Conventionally, as shown in (b) of FIG. 2, the piston rod 12 descends a relatively small distance to increase the distance between the upper end of the tube 11 and the upper cap 17 coupled to the upper end of the piston rod 12 in order to secure the space for operation of the seal assembly inserting unit. In this case, there is a problem in that the length of the shock absorber increases as described above.
On the contrary, in the case where the eye bolt 16 and the upper cap 17 are not coupled to the piston rod 12, the seal assembly inserting unit can be brought into close contact with the piston rod 12 even when the piston rod 12 descends a relatively large distance to the position shown in (a) of FIG. 2. In this case, after the oil is supplied to the tube 11 with the piston rod 12 deeply inserted to a position inside the tube 11, as shown in (a) of FIG. 2, the piston rod 12 is fitted into the seal assembly 15, thereby reducing the length of the shock absorber.

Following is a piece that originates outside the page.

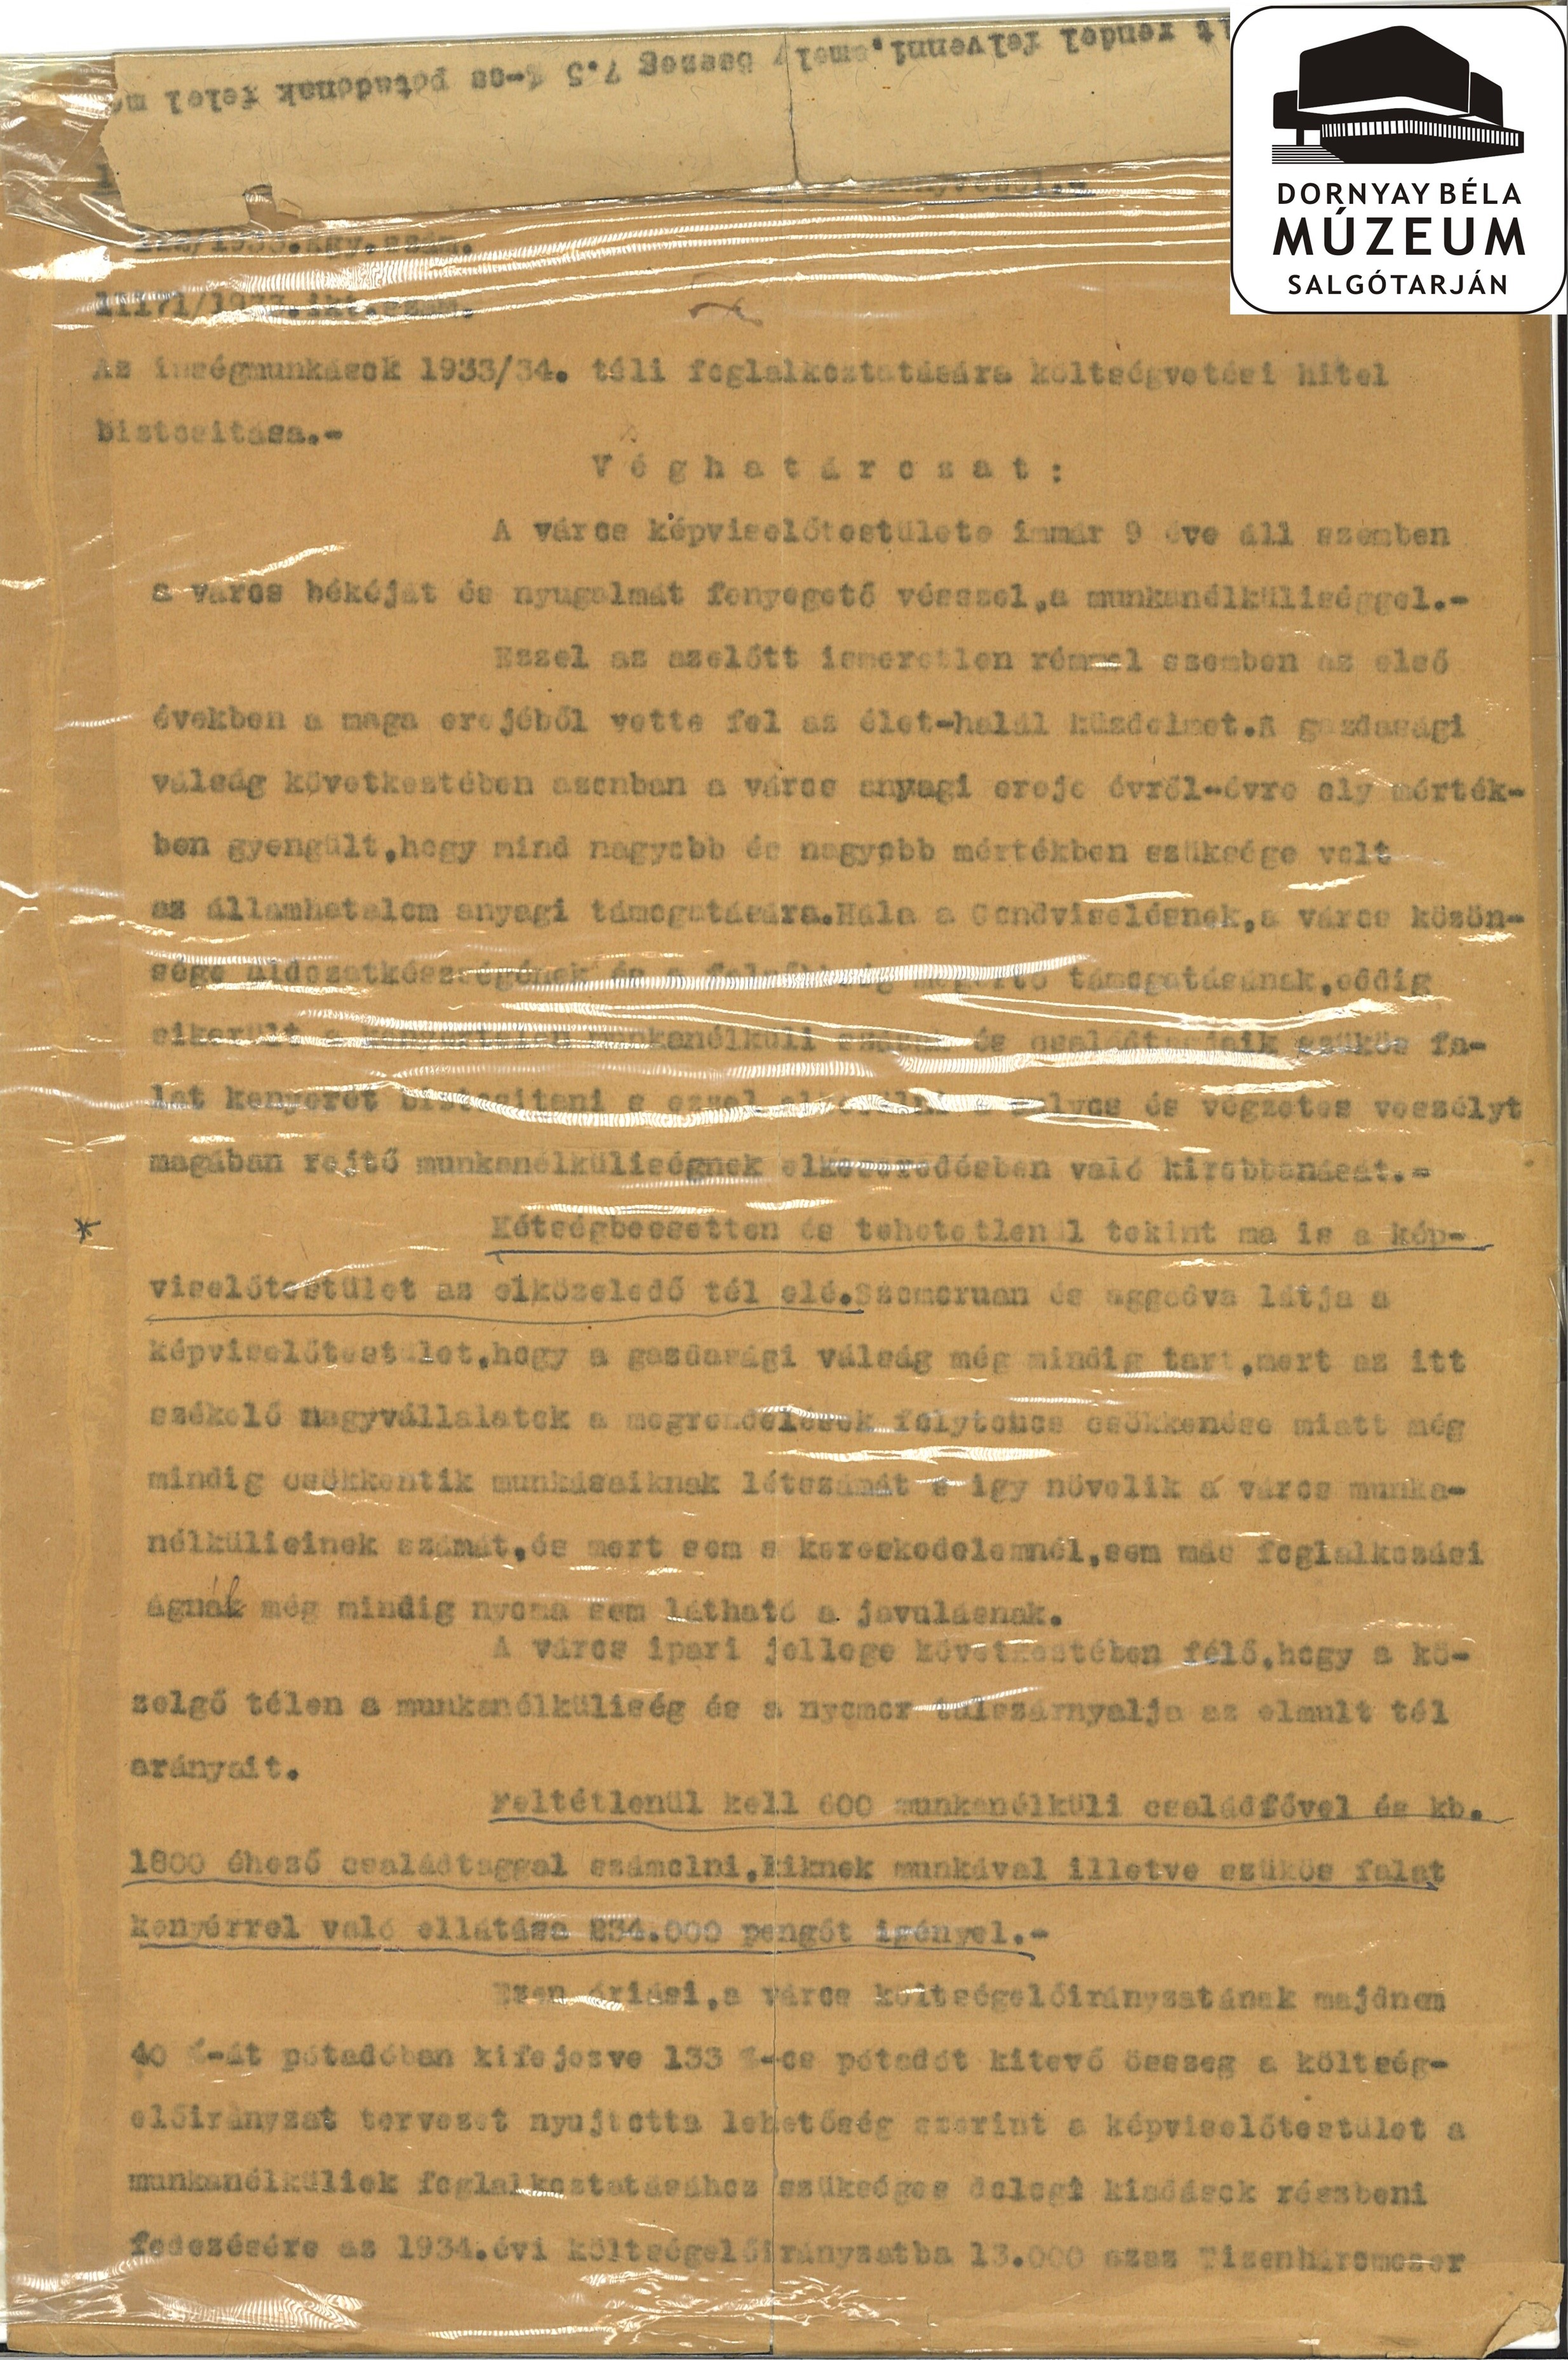 Salgótarjáni ínségmunkások 1933/34 évi foglalkoztatására költségvetési hitel biztosítása (Dornyay Béla Múzeum, Salgótarján CC BY-NC-SA)

In this case, however, since it is necessary to secure the piston rod 12 inside the tube 11 in order to couple the eye bolt 16 and the upper cap 17 to the upper end of the piston rod 12, which is not secured inside the tube 11, there is a need for a separate mechanism for securing the piston rod 12, thereby causing a complicated and time-consuming assembly operation.
To solve such problems in the art, the applicant developed an apparatus and method for encapsulating fluid in a shock absorber, as disclosed in Korean Patent No. 0880820. In this apparatus, a free piston is inserted into a tube after a gas is injected into the tube, and oil is injected into the tube after evacuating an upper space above the free piston to a vacuum though a hole formed at a upper side surface of the tube. Then, an oil seal-integrated rod guide is sealingly secured to an upper end of the tube by caulking.
Although the method and apparatus disclosed in Korean Patent No. 0880820 have various merits, for example, elimination of separate painting or tube surface treatment after assembly, the apparatus requires the use of only an oil seal-integrated rod guide and a rod guide separated from an oil seal cannot be used therefor. Moreover, only caulking can be employed to secure the rod guide in a final assembly stage of the shock absorber, and other methods such as curling cannot be used therefor.